Quest’anno i vincitori in un certo senso si sono autoimposti. Nella narrativa Cognetti è arrivato con una forza davvero dirompente. Sembrava il libro scritto per vincere il Premio ITAS del Libro di Montagna. Ci sono stati altri bei libri di narrativa, come quello di Nicolussi Golo e quello di Marco Albino Ferrari, però quello di Cognetti è talmente centrato, è talmente scritto con maestria che la decisione è stata presa all’unanimità, cosa che non si era mai verificata nelle edizioni precedenti.

E per quanto riguarda i libri di Diego Leoni e Margi Preus?

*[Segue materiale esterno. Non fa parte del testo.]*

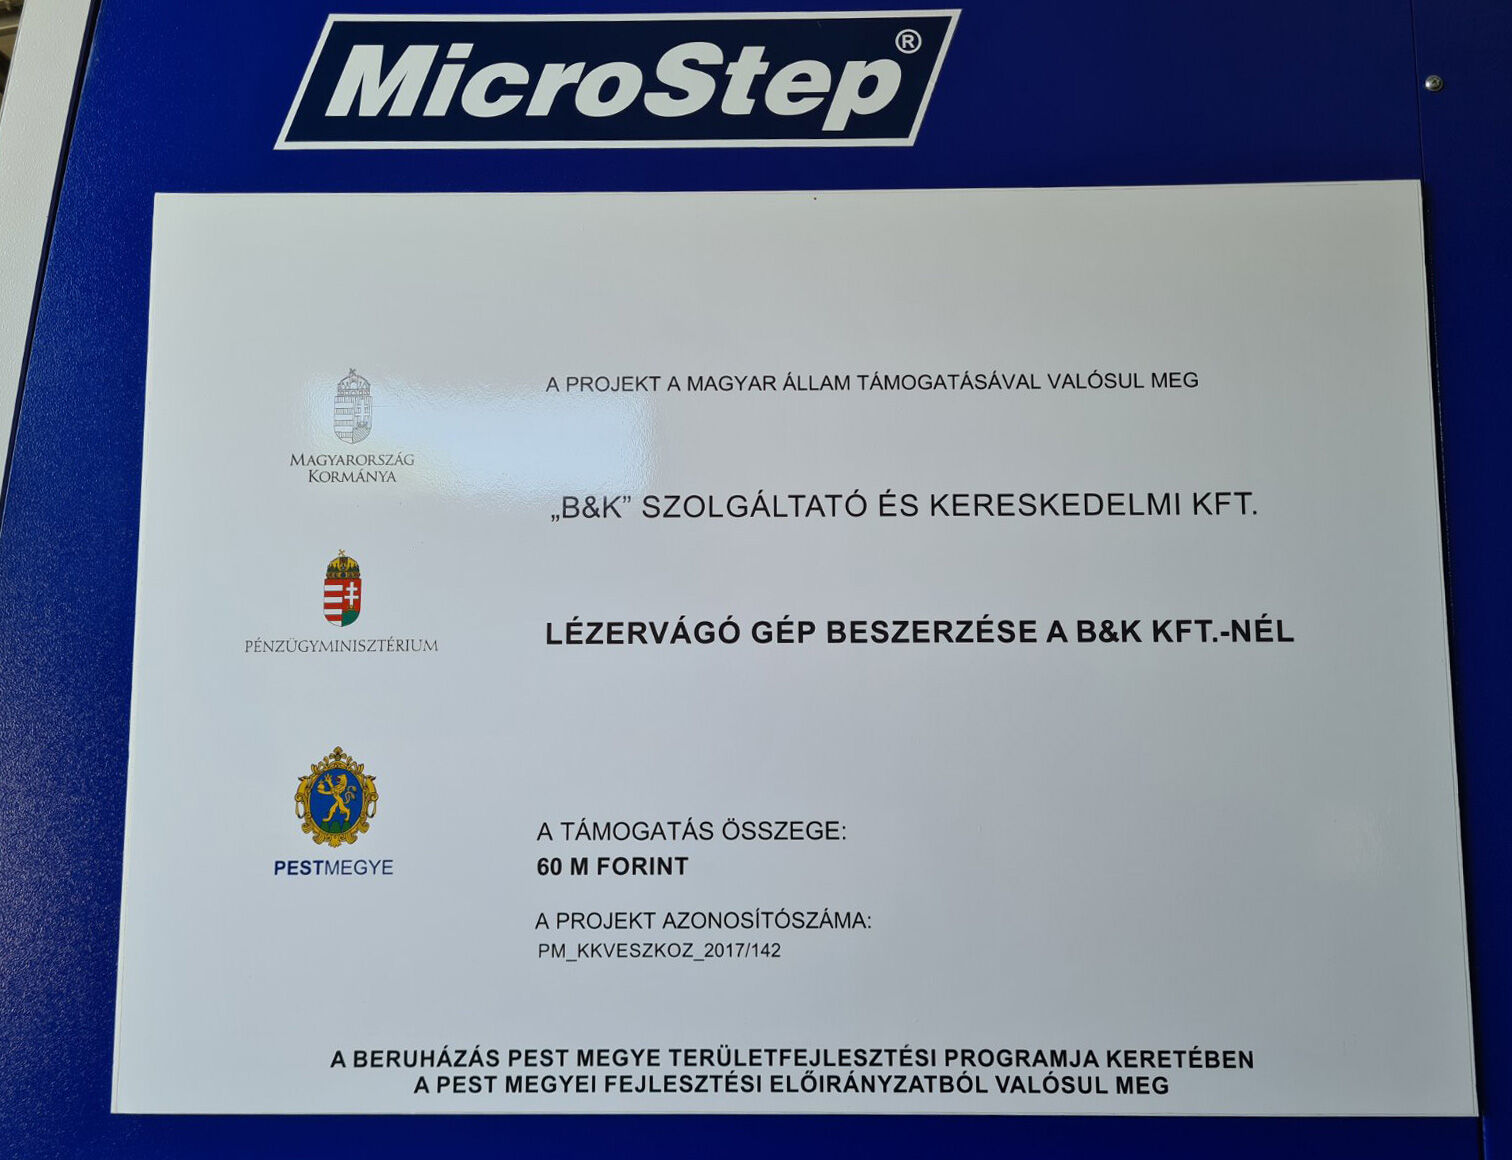 PM_KKVESZKOZ_2017 kódszámú, Mikro-, kis- és középvállalkozások eszközberuházásainak támogatása Pest megye területén
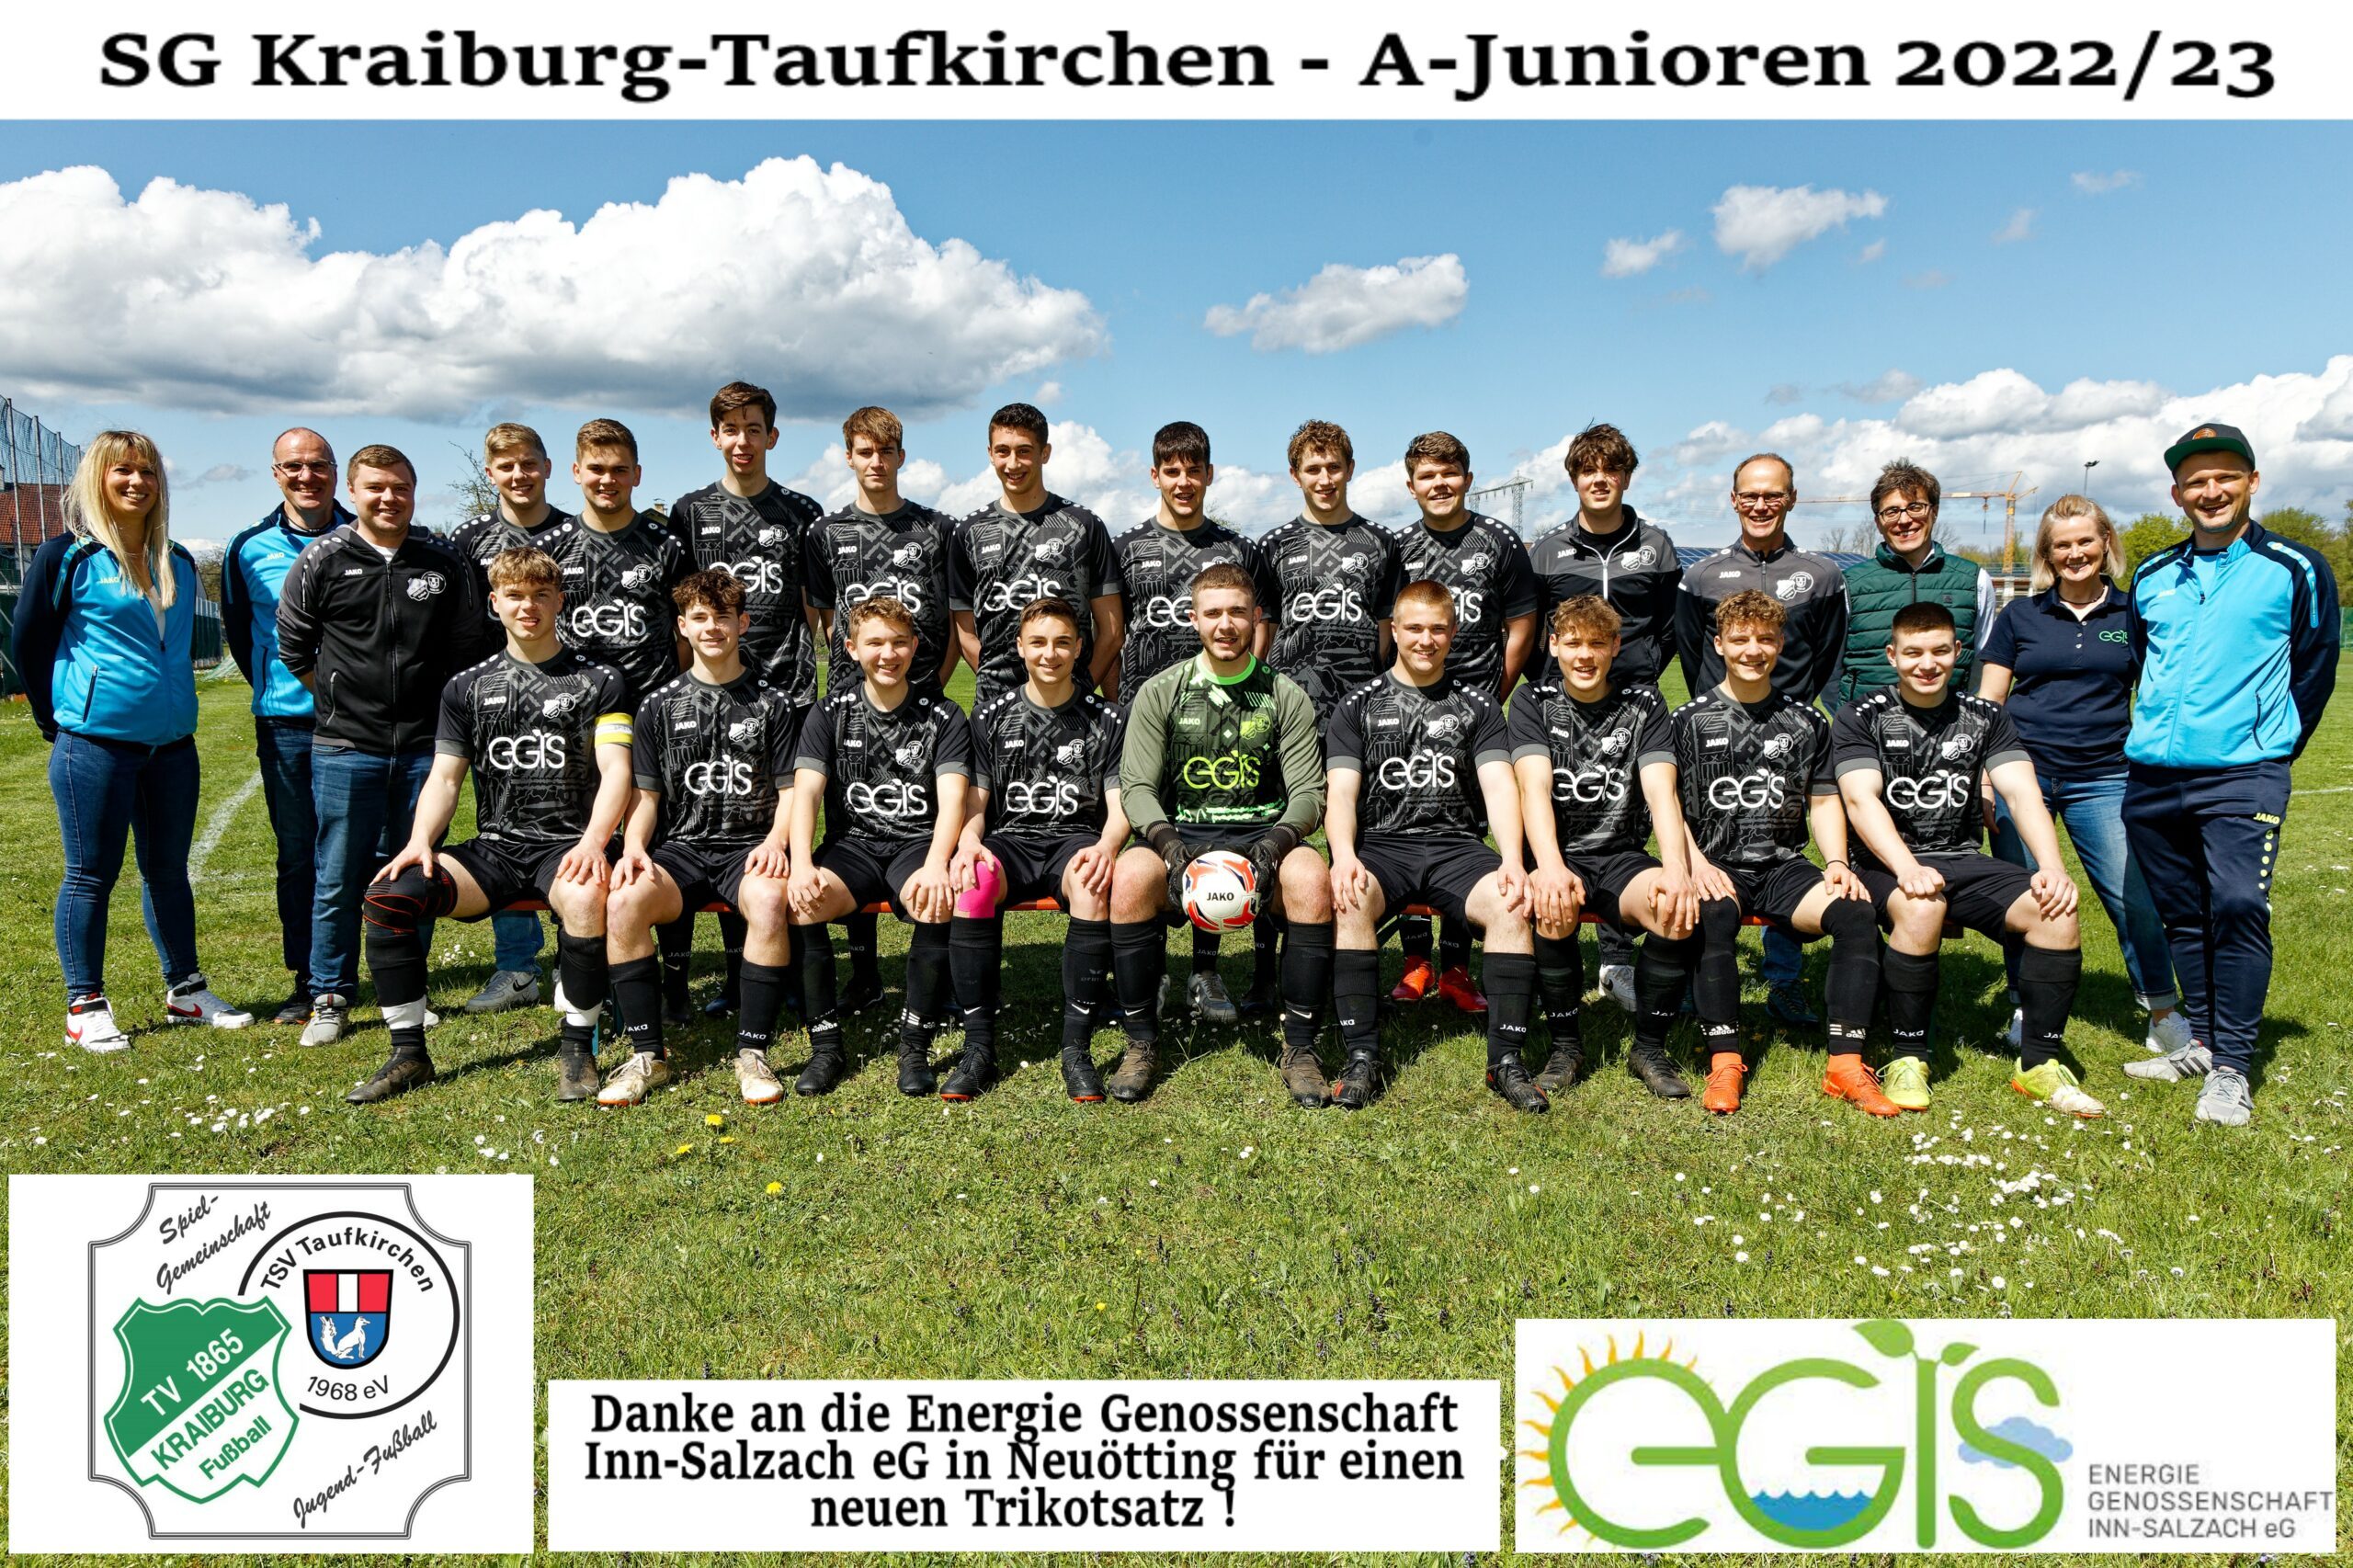 Mannschaft+Sponsor_A-Jugend_SG-Kraiburg-Taufkirchen

Io personalmente sono un appassionato di storie del nostro paese e ho trovato “La guerra verticale” un libro grandioso. È un testo che ha il merito di dare voce da un lato ai documenti ufficiali dello Stato Maggiore italiano e dello Stato Maggiore austroungarico, dall’altro entra nella microstoria con le memorie della ragazzina adolescente al primo amore che si trova separata da tutto ciò che ha conosciuto fino a quel momento. Leoni racconta un mondo che è stato lacerato, una guerra combattuta tra comunità che interagivano quotidianamente tra loro fino a un momento prima dello scoppio del conflitto. Insomma, quello di Leoni è un libro che tiene insieme un’analisi molto lucida della grande storia con la microstoria che da Jacques Le Goff in poi è diventata la narrazione autentica delle storie dell’umanità. Per quanto riguarda Margi Preus e il suo romanzo, per la seconda volta consecutiva il Premio ITAS, dopo Sofia Gallo, si trova a premiare un libro che ha il merito di raccontare le vite dei più giovani durante la guerra, parlando dei popoli europei che si sono trovati il tallone dell’occupazione nazista, in particolare i norvegesi. E quindi è un libro che secondo me ha un valore etico per i ragazzi. In un’epoca in cui sembra che i ragazzi non debbano scegliere niente che non sia attinente alla loro condizione privata, Margi Preus mette in scena giovani che hanno dovuto fare delle scelte importanti.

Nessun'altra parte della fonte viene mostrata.